The Government’s decision to delay ending the sale of new, petrol and diesel cars and vans, is likely to have a limited impact on real world fleet strategies, says the Association of Fleet Professionals (AFP).
The Prime Minister, Rishi Sunak, announced last week that the ban would be pushed back five years from 2030 to 2035.
AFP chair Paul Hollick explained that the overwhelming reaction from the organisation’s members had been that the delay was a political move.
He said: “There is a sense of what you might characterise as annoyance surrounding this. Businesses have put in huge amounts of work on electrification and spent substantial sums.
“The fact that the deadline can then be moved in what appears to be a fairly arbitrary manner doesn’t endear the Government to fleets.
“Also, it should be acknowledged that many, many of our members take net zero very seriously at a corporate level and believe that we should be electrifying as quickly as possible, despite some of the obstacles that remain.
“There is a sense that the Government doesn’t necessarily share that priority.”
However, he said, the general consensus was that car fleet strategies would remain largely unaffected, while many van operators had already held strong doubts that the 2030 deadline could be met and the move to 2035 simply acted as an official acknowledgment.
“When it comes to cars, benefit-in-kind taxation hugely favouring EVs and the Zero Emissions Vehicle Mandate remain in place and there are apparently no plans to change them,” continued Hollick.
“This means fleets will continue to electrify their car fleets at a rapid pace and the Government’s decision will change little.”
Hollick believes that, within a few years and well before 2035, it may be quite difficult to buy a new non-electric vehicle anyway.
“The fact is that the UK forms a small part of the global car market and the decision to delay electrification here is not going to noticeably impact on manufacturer plans to end internal combustion engine production,” he said.
“The picture could be different for vans, though, we believe.
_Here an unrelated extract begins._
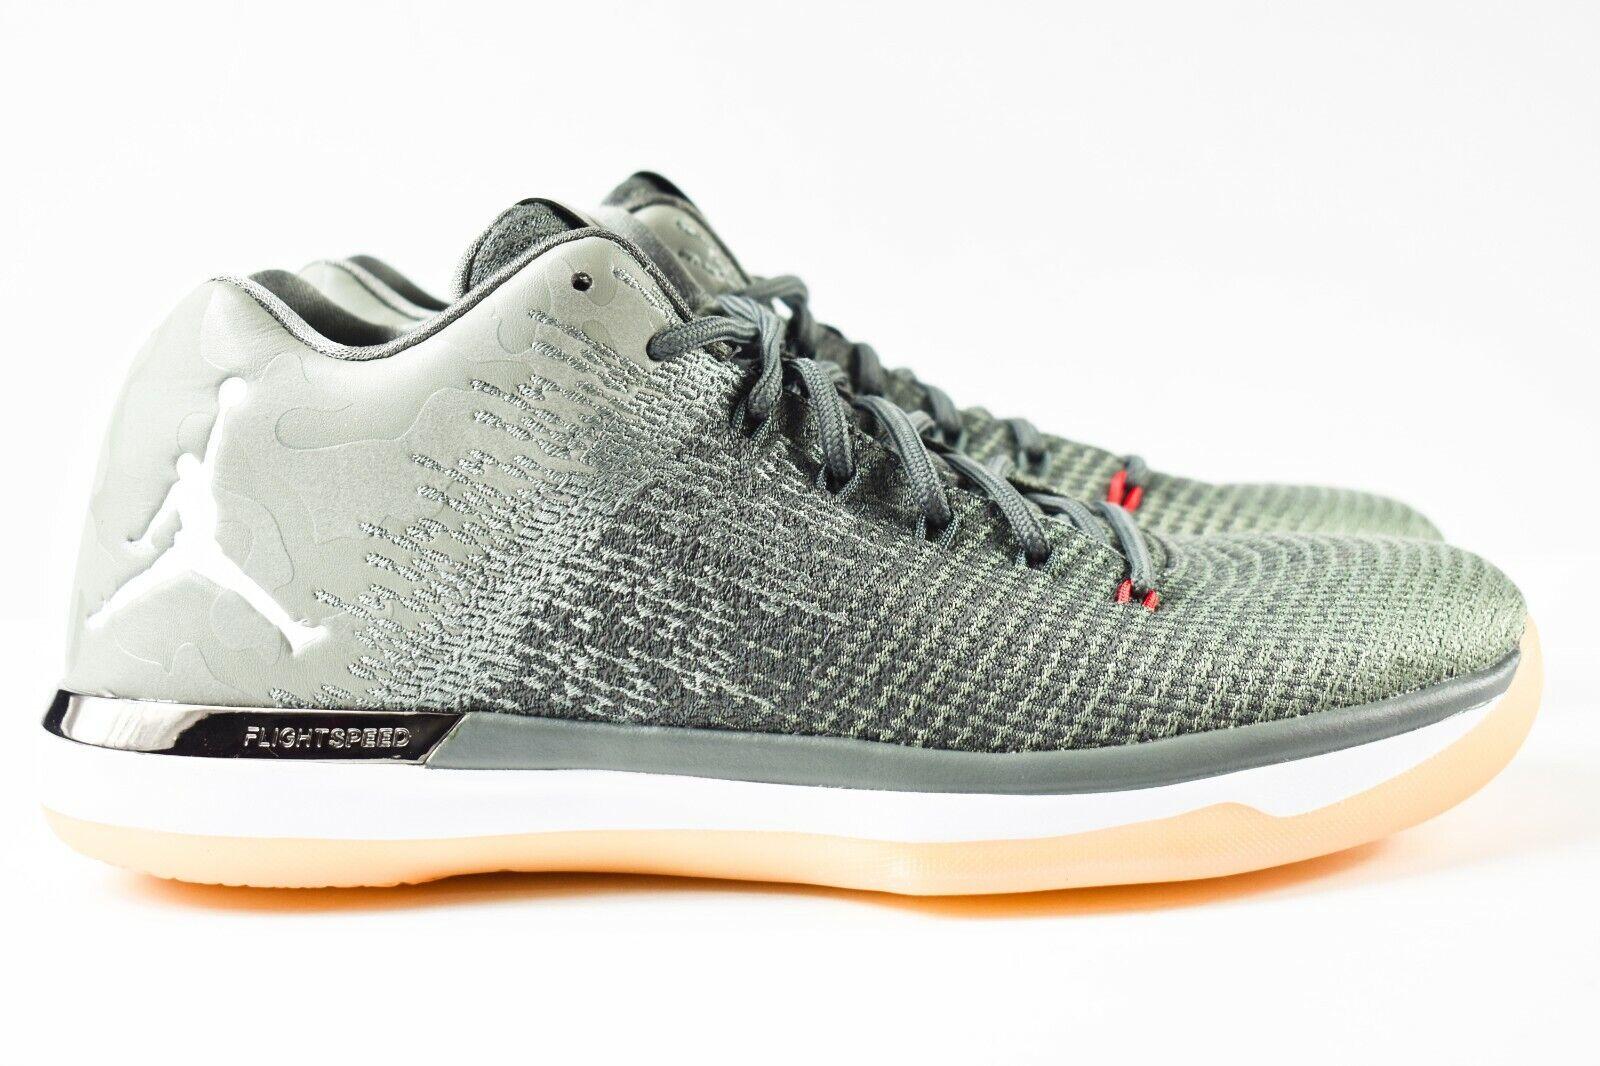 Nike Air Jordan XXXI 31 Low Marquette
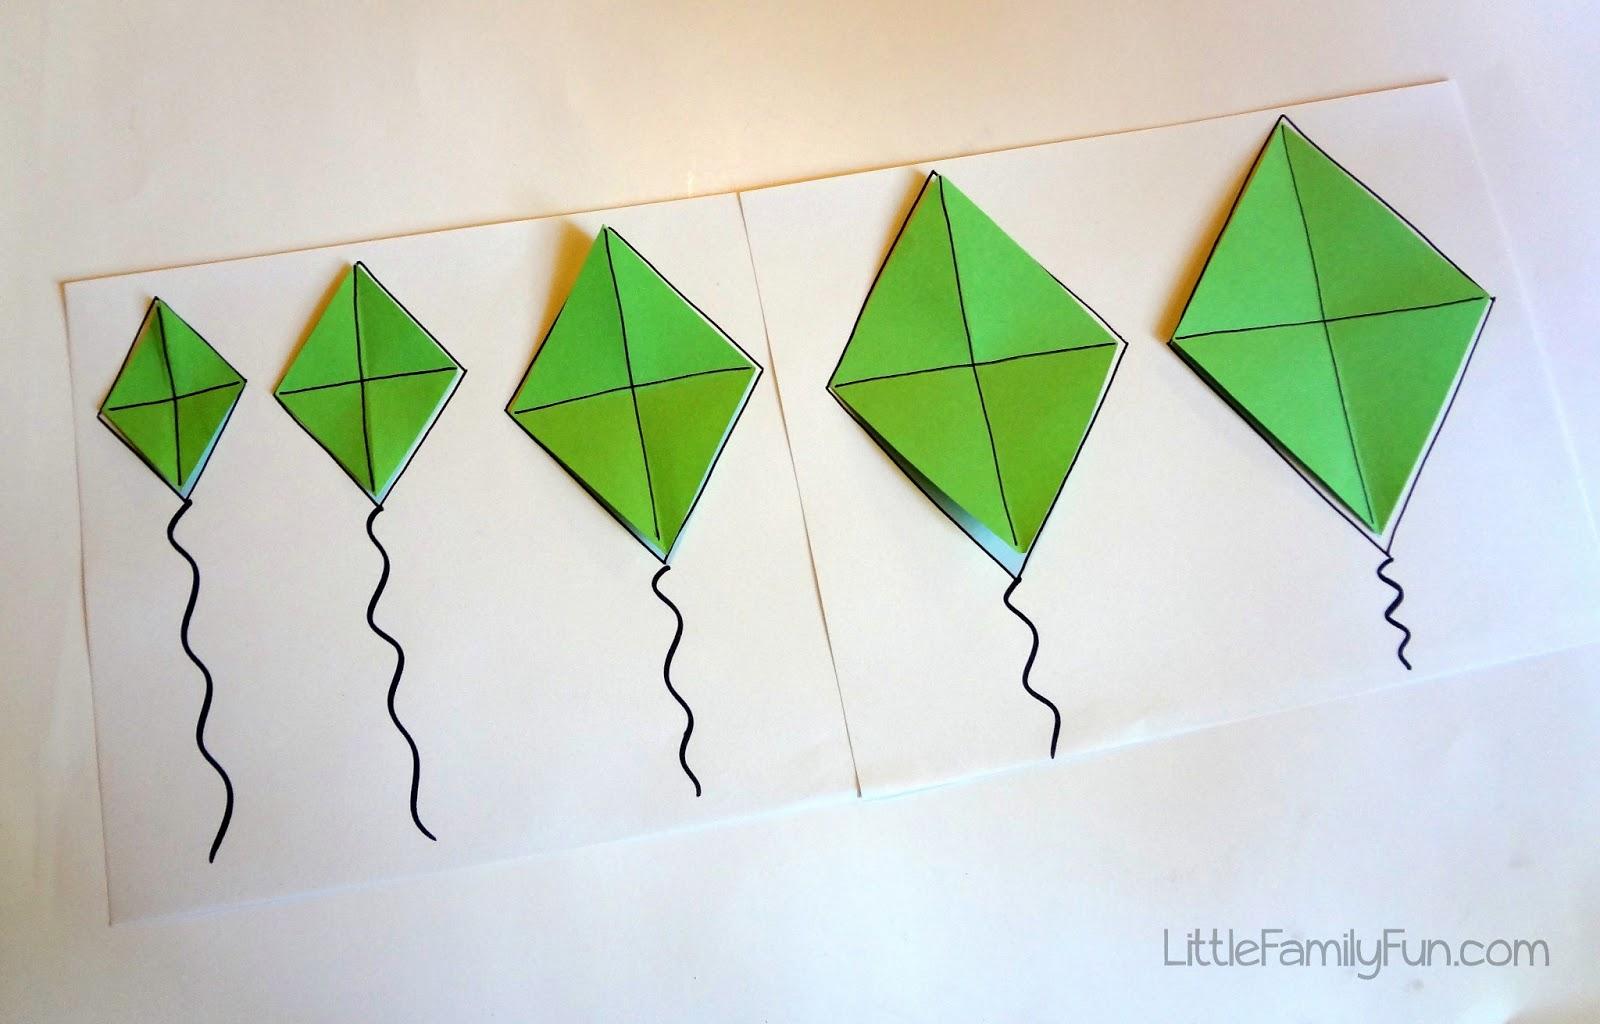 Little Family Fun Kite Sizes

It has become clear to many of our members over the last year or more that electrifying their light commercial vehicle fleets by the end of the decade was going to be a big ask.
“Neither the vehicle designs nor the charging infrastructure appear to be ready to meet the needs of all fleets, and there was a growing sense, at least among some, that this would have to be acknowledged sooner or later by the Government.”
Many AFP members will keep their plans for 2030 van electrification in place as part of their net zero strategies, claims Hollick.
“We have operators who are deeply committed to this target or even sooner at a corporate level and none of them have so far indicated any change plus, of course, the Zero Emissions Vehicle Mandate applies here, too,” he explained.
“However, we expect that some businesses will now attempt to slow van electrification, with plug-in hybrids perhaps acting as a medium-term stepping-stone.”
Used diesel sales and prices set to rise following ICE ban
Sales of used diesel cars up to four years old accounted for just 16.1% of cars sold in August, but that may change in the future following Sunak’s delay on banning new internal combustion engine (ICE) car sales until 2035, according to Indicata.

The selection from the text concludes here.